1966: Very rare for a Pops performance to start with some close-up flautism. Laying waste to all ideas of vocal projection, Manfred Mann's Paul Jones chooses to sit at the back. No wonder he gets swallowed whole.
1977: David Bowie actually in the studio with big flappy cuffs, and while Tony Visconti joined him to play bass and direct the orchestral troops I'm pretty sure that's not Robert Fripp on guitar. Tina Charles has adopted the hair flick of the day but has to share the stage with what looks like a white grand piano that's in the process of being taken apart. Showaddywaddy start in a group hug - where is the camera exactly? - before Dave Bartram disappears into the throng and comes up wearing someone's tinfoil-covered stovepipe hat which appears to have 'VOTE FONZIE' written large on one side.
1983: A month after their debut, Howard Jones and Jed are progressing in confidence. The latter has a full set of routines, not just chain rattling, and has a camera to eventually work off, while the former has found the way to get the audience to sing along. It's no good still looking inscrutable, Gary Numan, if your band has a free soloing saxophonist and you're having to play scratchy rhythm guitar over some clanking.
1988: It doesn't look right, Kylie Minogue on her own like that, puffball skirt or not. She should have borrowed some props from the woman keeping Interflora in business for another month, Enya. Oh, and the caption gets the lyric wrong, but that's another story, and this edit cuts the song off before that comes up anyway.
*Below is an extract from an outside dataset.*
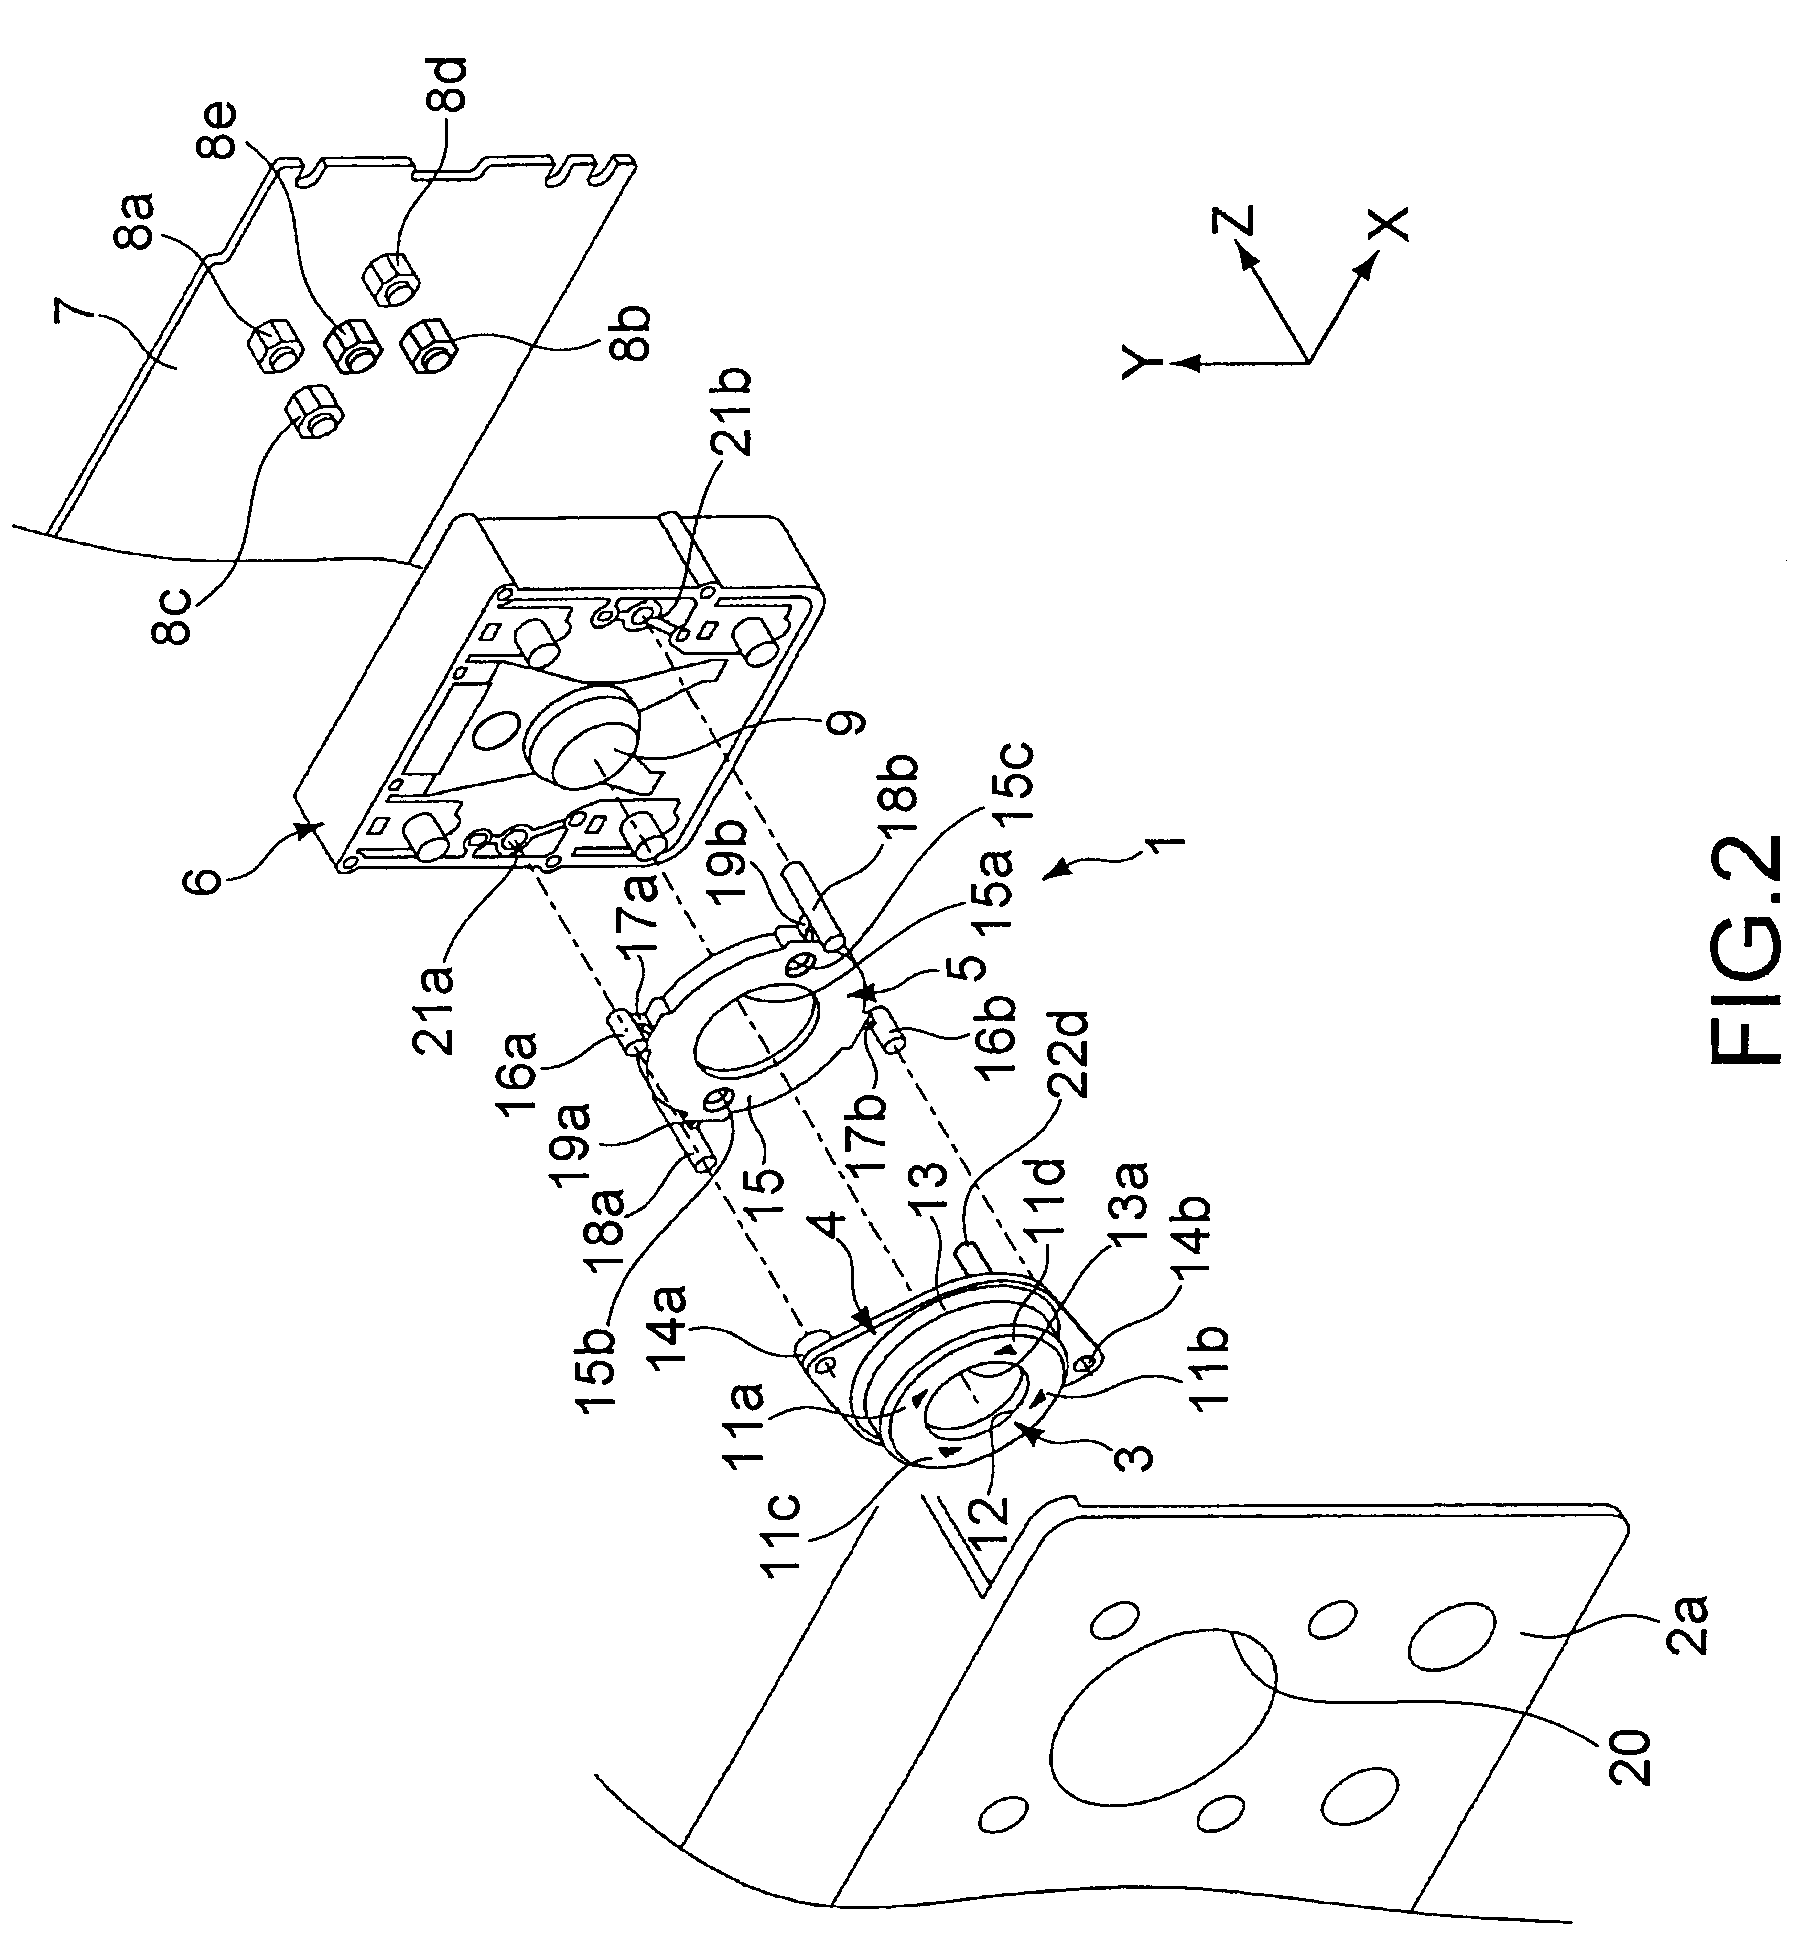 Multidirectional input apparatus and electronic device

1994: Yes, thank you, Jarvis. Elastica can bounce about in their DMs all they want, they're still overshadowed by that big sign in the background which kind of gives away Tom Jones' presence, joined as he will be by a battalion of lighting and what seems to be Maggie Philbin on unconvincing bongos. Professional dancers they may have been, but you couldn't rely on Take That to all bring their high visibility jackets in those days.